PLTE          Palette

              This chunk must appear for color type 3, and
              may appear for color types 2 and 6. If this chunk
              does appear, it must precede the first IDAT chunk.

              In the case of color types 2 and 6, the PLTE chunk is 
              optional, and provides a recommended set of from 1 to 256 
              colors to which the true-color image should be quantized if 
              the display hardware cannot display truecolor directly. 
              If it is not present, the viewer must select colors on its own,
              but it is most efficient for this to be done once by
              the encoder. 

              The number of palette entries varies from 1 to 256.
              For palette type 3, the number of entries should not
              exceed the range that can be represented by the
              bit depth (for example, 2^4 = 16 for a bit depth of 4).
              Note that this does NOT mean that there have to
              be a full 16 entries. The length of the chunk is used
              to determine the number of entries.

              Each palette entry consists of a 
              three-byte series:

                     red (0 = black, 255 = red),
                     green (0 = black, 255 = green),
                     blue (0 = black, 255 = blue)

              Note that the palette uses 8 bits (1 byte) per value 
              regardless of the image bit depth specification.
              In particular, the palette is 8 bits deep even when it is 
              a suggested quantization of a 16-bit truecolor image.

tRNS          Transparency. Transparency is an alternative to the
              full truecolor alpha channel.
              
              For color type 3:
              A series of alpha channel bytes, corresponding to
              palette indexes in the PLTE chunk.

              The transparency chunk may contain fewer
              alpha channel bytes than there are palette
              entries. In this case, the alpha channel value
              for all remaining palette entries is assumed
              to be 255 (fully opaque, no background visible).
              0 is full transparency (only background visible).

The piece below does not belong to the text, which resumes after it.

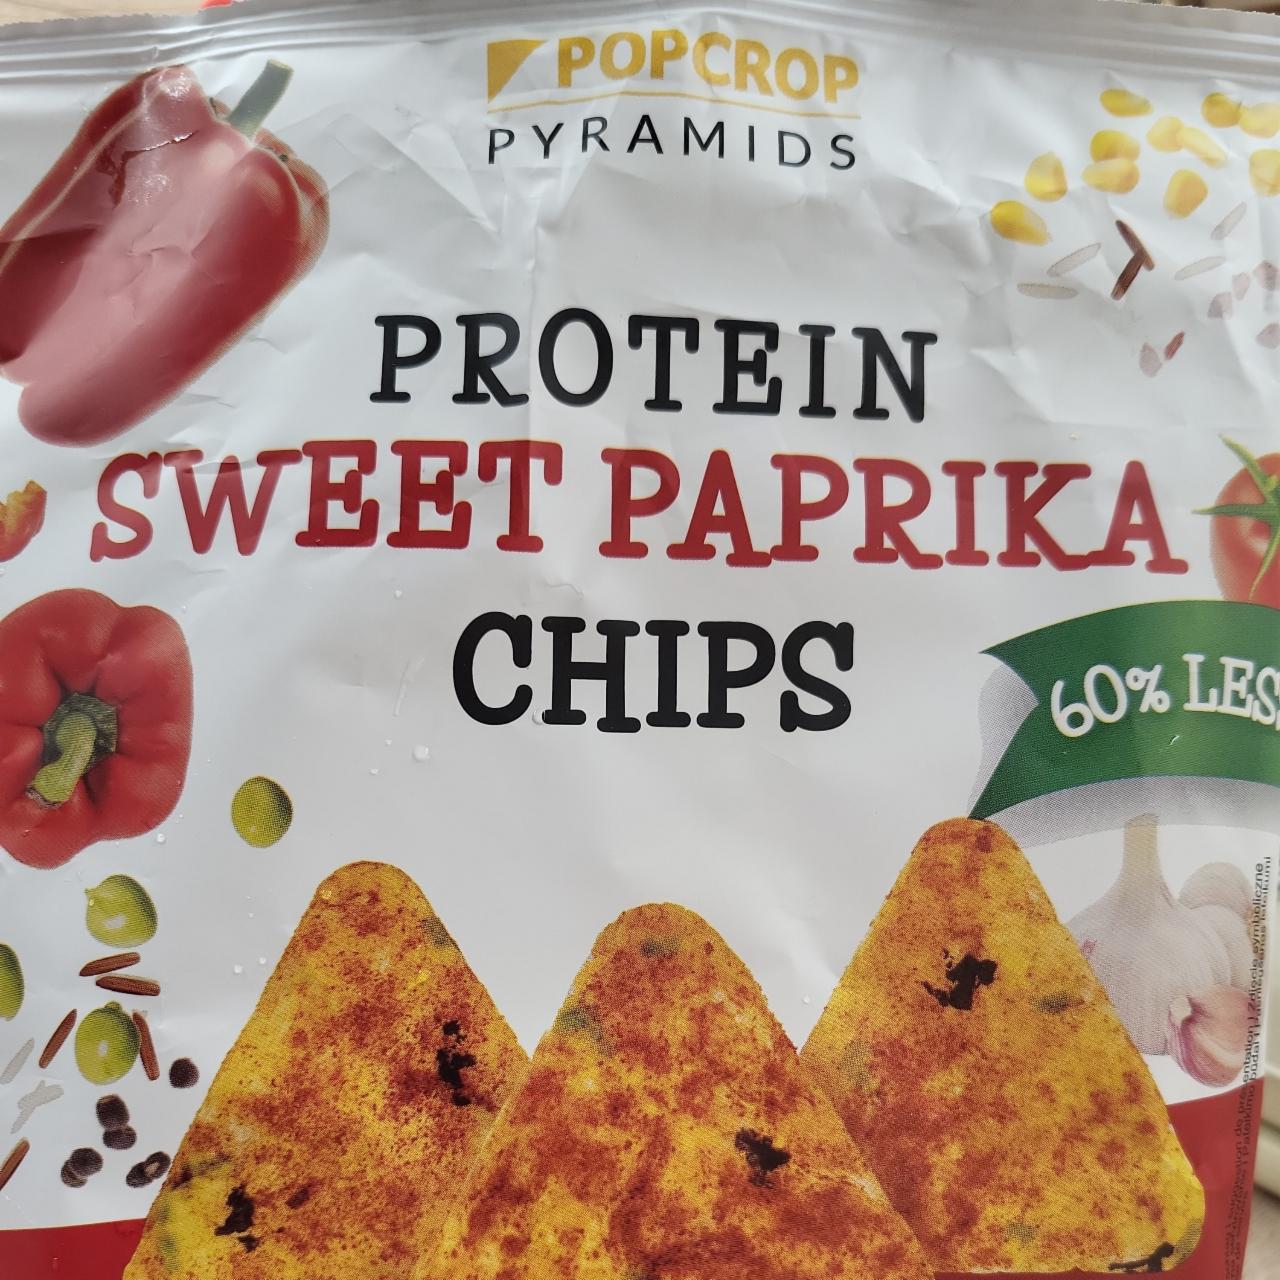 Fotografie - Protein sweet paprika chips Popcrop pyramids

              Decoders which cannot blend colors with the
              background should interpret all nonzero alpha
              values as fully opaque (no background).

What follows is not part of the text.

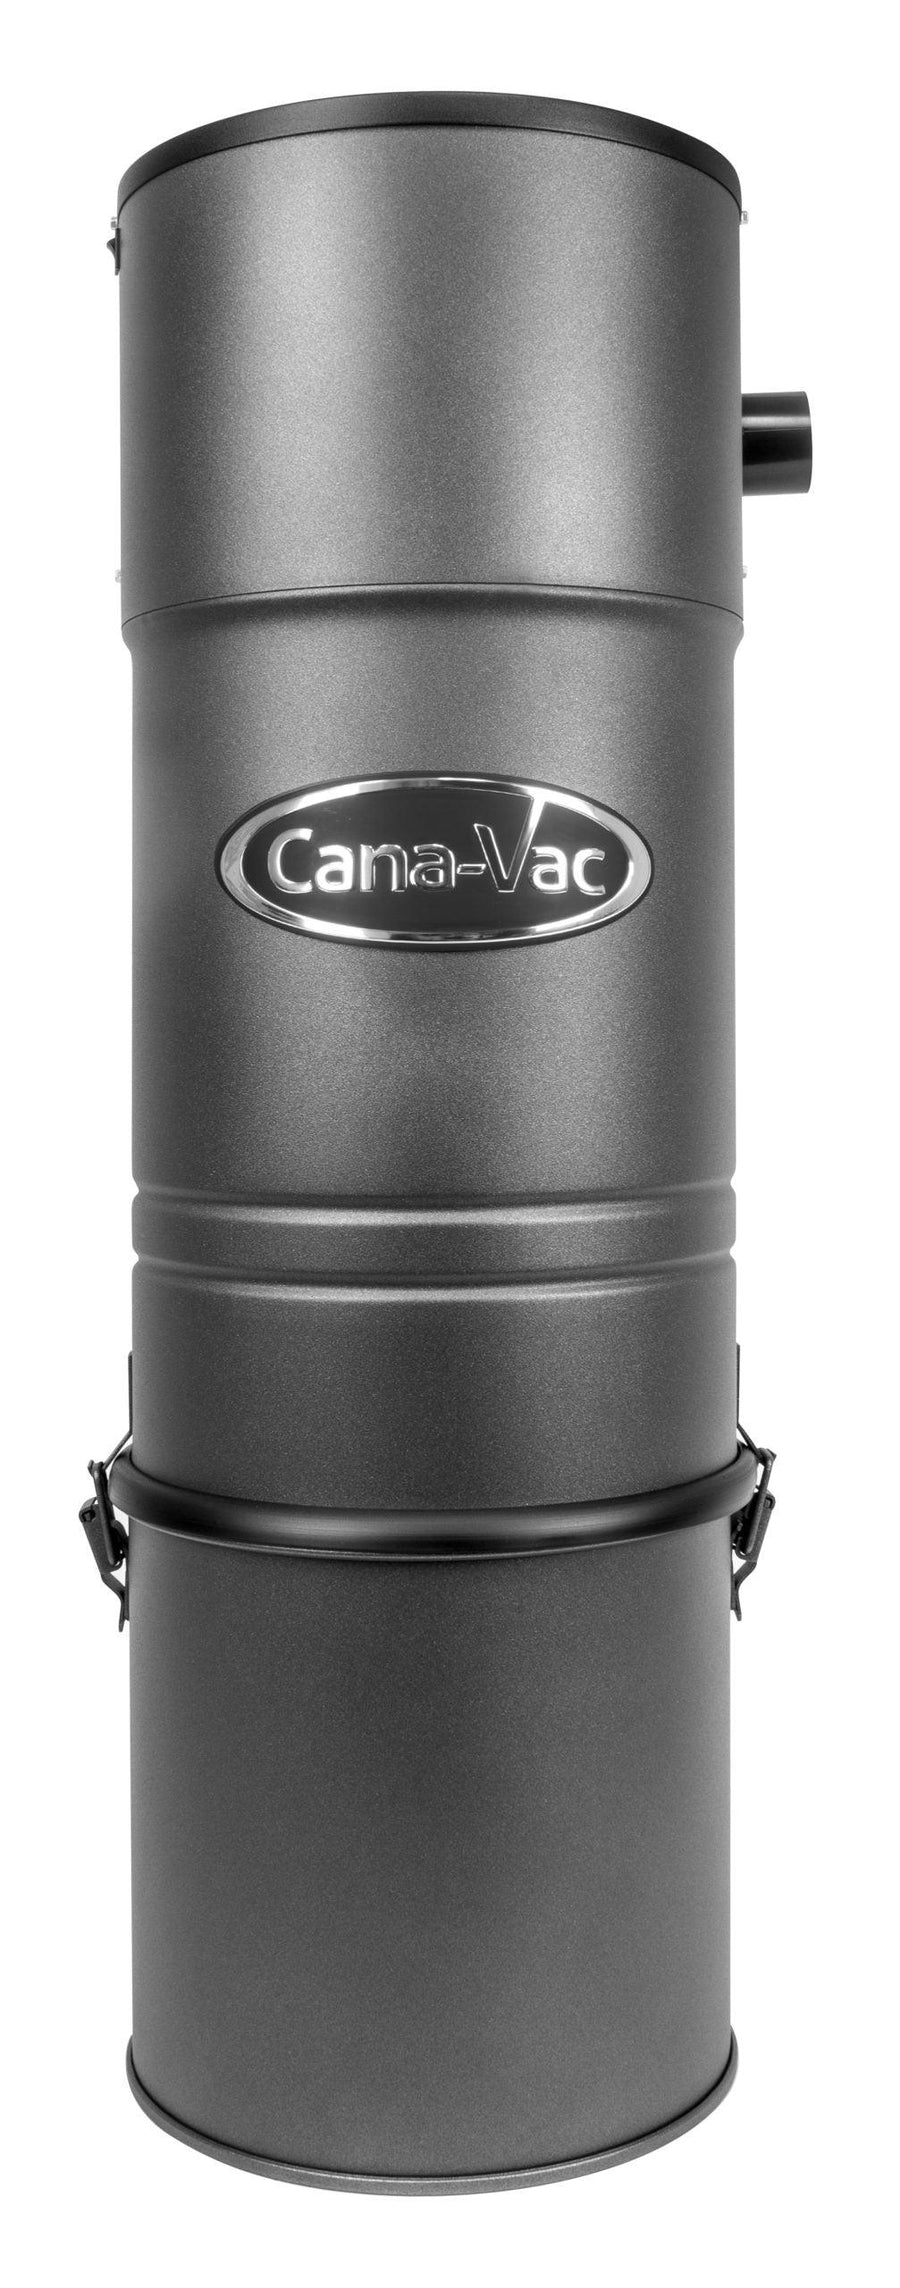 CanaVac CV687 Central Vacuum Unit - Geek Vacuums

              For color type 0:
              Transparent gray level (2 bytes, range: 0 - (2^bitdepth - 1)) 

              The specified gray level will be regarded as transparent
              (the background color at that position will be substituted 
              consistently by the decoder).

              For color type 2:
              Transparent RGB color (6 bytes, 2 bytes for
              red, green and blue components, range for each:
              0 - (2^bitdepth - 1))

              The specified RGB color will be regarded as transparent
              (the background color at that position will be substituted 
              consistently by the decoder).

              Although transparency is not as elegant as the full
              alpha channel, transparency does not adversely 
              affect the compression of the image. 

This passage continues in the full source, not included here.